Why do CSPs let criminals fiddle while they and their customers are burned?


Network operators lose billions of euros a year to SIM-card fraud but ignore offers to stem the bleeding. Why? Let’s call it artificial intransigence, writes Nick Booth.

Andy Gent has seen some craziness as a 50-year veteran of the telecoms industry. Twenty years ago, he discovered how extensive SIM fraud was and created a service company, Revector, to track the activity and stem the losses for any mobile operator that was interested.

The first client was in Afghanistan, but the job soon took his digital detectives to criminal hotbeds all over the world.

Recently Europol estimated that $34 billion (€28.52 billion) annually is lost by CSPs to SIM fraud: Gent has discovered a major reason that operators don’t tackle this problem is rigid compartmentalisation – an inflexible management culture and organisational structure prevents departments from being able to collaborate easily and has created artificial intransigence.

Changing nature

SIM fraud has evolved since Revector started tracking it. Back then SIM cards were massed into racks to create a sort of metal-box Trojan Horse that allowed the criminals to commandeer the infrastructure they’d penetrated and bypass an operator’s interconnection point, denying the operator its full international fare. Now they use technology to change their calling line identity to that of a bank, say, to trick customers into handing over information and money.

Consumers have become more aware of digital crime and ask more questions, including why aren’t big businesses stamping this out? It’s not that mobile operators don’t care or are fraud friendly, it’s just that their systems and data evolved into siloes that trapped staff too.

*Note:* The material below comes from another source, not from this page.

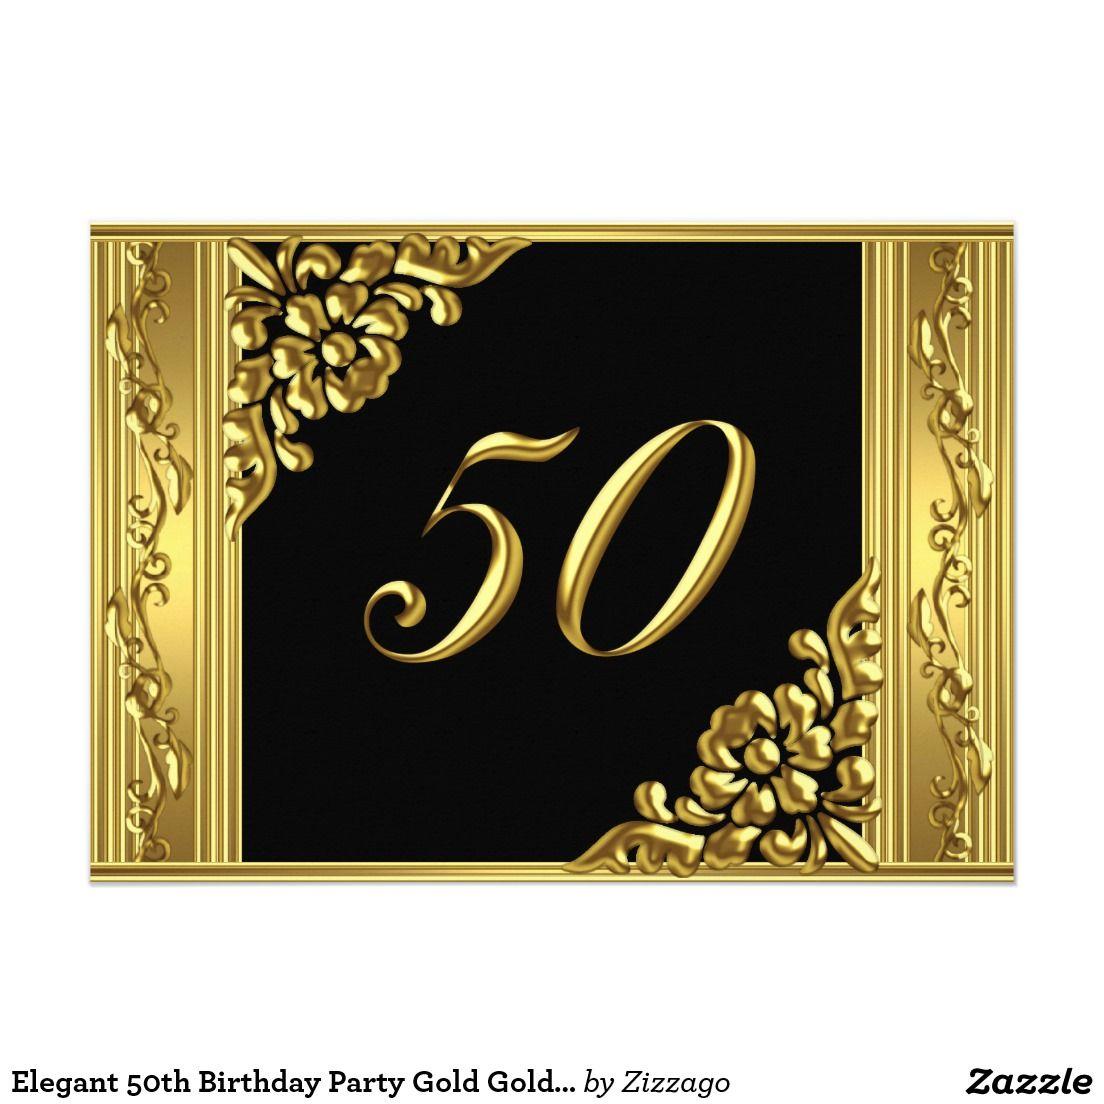 Elegant 50th Birthday Party Gold Golden 50 Black Card | 50 birthday ...

When Gent showed he could offer massive savings, he faced blockages between the departments that controlled the information he required to deliver them.

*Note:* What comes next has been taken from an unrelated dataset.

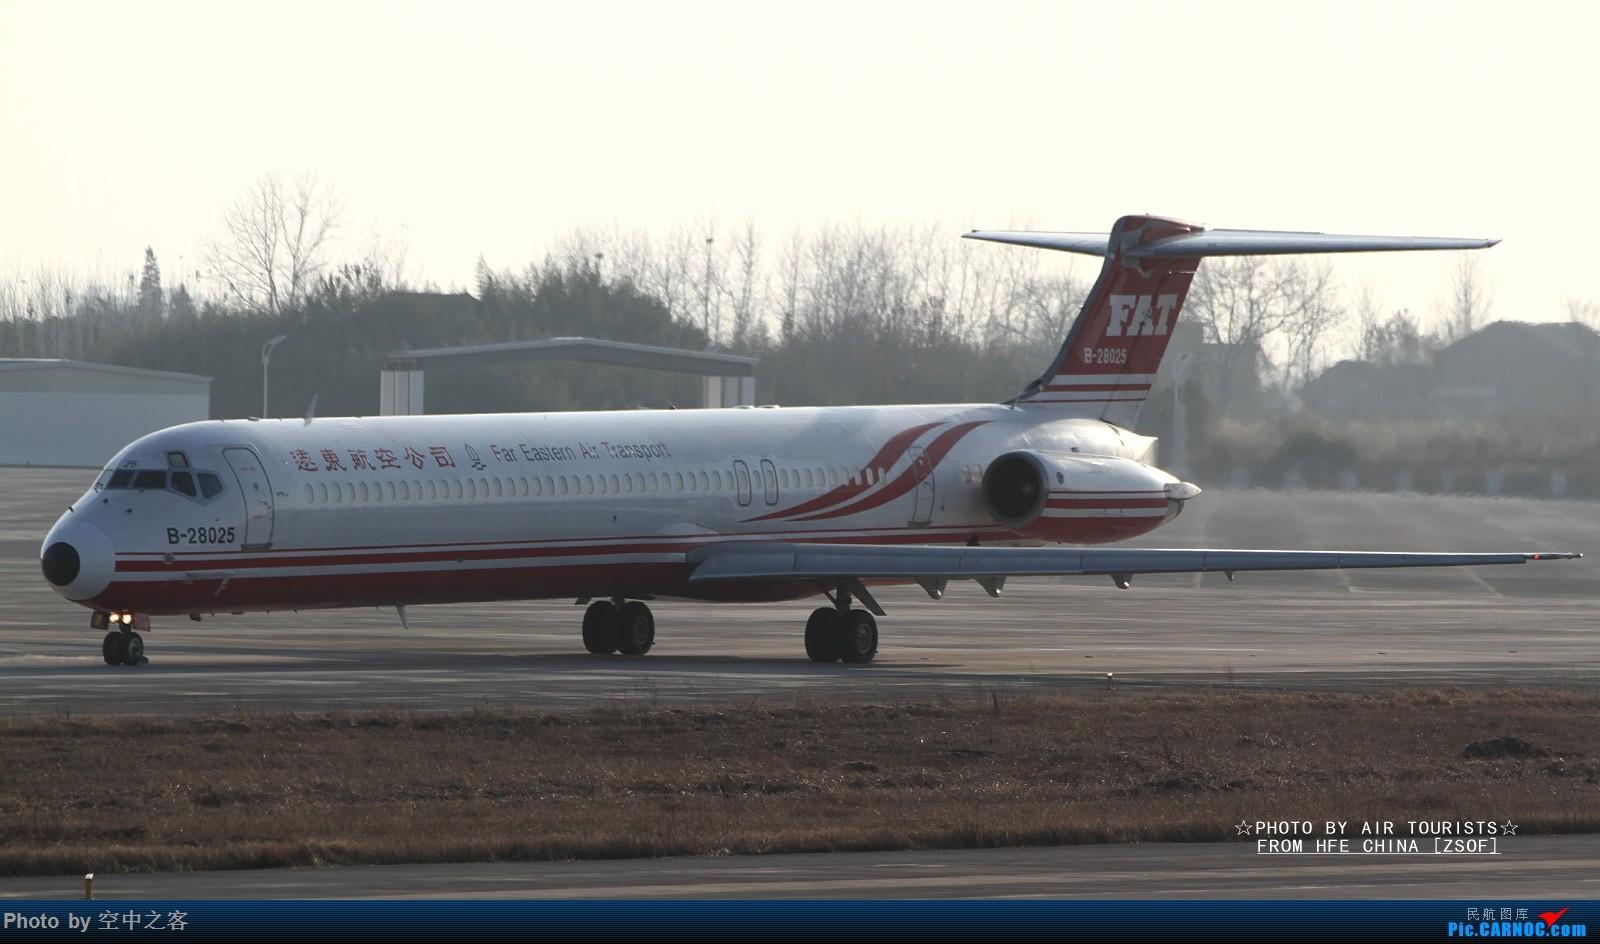 Re:[原创][空中之客 HFE出品]听拐爷的别任性好天拍机去 嘿嘿 MD MD-80-83 B-28025 合肥新桥国际机场

Gent found that although Sales and Revenue Protection are affected by fraud, they often can’t be persuaded to talk, much less to pool their budgets to devise a plan of action, even though it could cost them €500,000 a year in lost revenue.

Calling line ID scams

In a roaming analysis of one large European operator group, Revector found that in one month there was evidence that 12,000 SIM cards being used to defraud the company by buying capacity from the CSP then allowing others to hop onto it for nefarious purposes.

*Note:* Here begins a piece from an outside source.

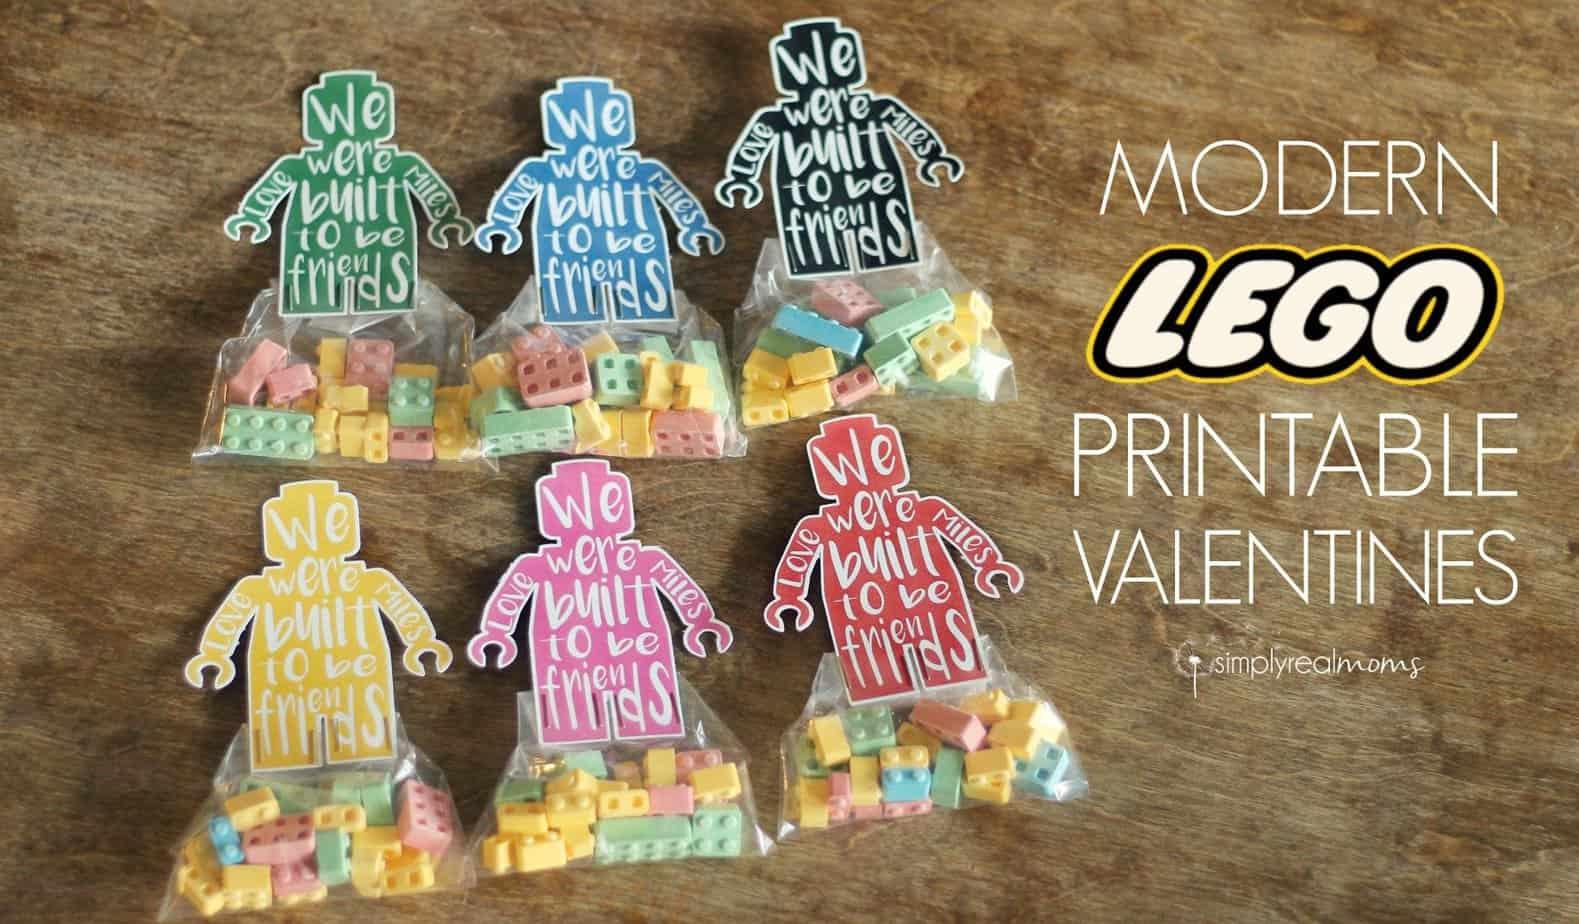 Modern Lego Printable Valentines

In another instance in Peru, Revector found that 90% of international calls and revenues were bypassing operators’ designated international routes onto cheaper, nastier ones.

Certainly, these fraudsters are often dangerous criminals: one Revector investigation took it to Honduras, the murder capital of the world where it’s easy to get your head blown off as a casual act of violence, never mind trying to confront crooks who might be raising money to support trade in drugs and terrorism.

The point is, no-one is asking CSPs to tackle these dangerous people. Just imagine how angry customers would be if they knew telcos could prevent calling line ID spoofing but artificial intransigence was the block? And it seems everyone knows someone who’s been tricked into giving their banking details to a fraudster posing as their bank.

Subsidising fraud

Many consumers also realise that fraudsters are making cheap international calls off their backs because they understand that SIM fraud is another word for smuggling, and that when companies lose money, their customers ultimately make up the shortfall.

The big questions is why aren’t their service providers as rigorous with the fraudsters as they are with loyal customers? As anyone who has ever missed a payment can confirm, they can come down on you like a ton of writs.

Indeed, sometimes consumers are punished for carriers’ billing mistakes and it can take months to clear their name with the credit listings agencies.

Most of us sympathise with CSPs, appreciating that mobile operators have invested years of blood, sweat and management tiers to give us a better connection to the world and we don’t begrudge them rightful returns. Yet without a proper return on investment companies die, and haemorrhaging revenue is a dangerous condition.

If they could be persuaded to be more vigilant about SIM fraud, benefits could trickle down to honest customers – such as £500 million invested in better network coverage or lower prices. That could well inspire the customer loyalty that all CSPs strive for.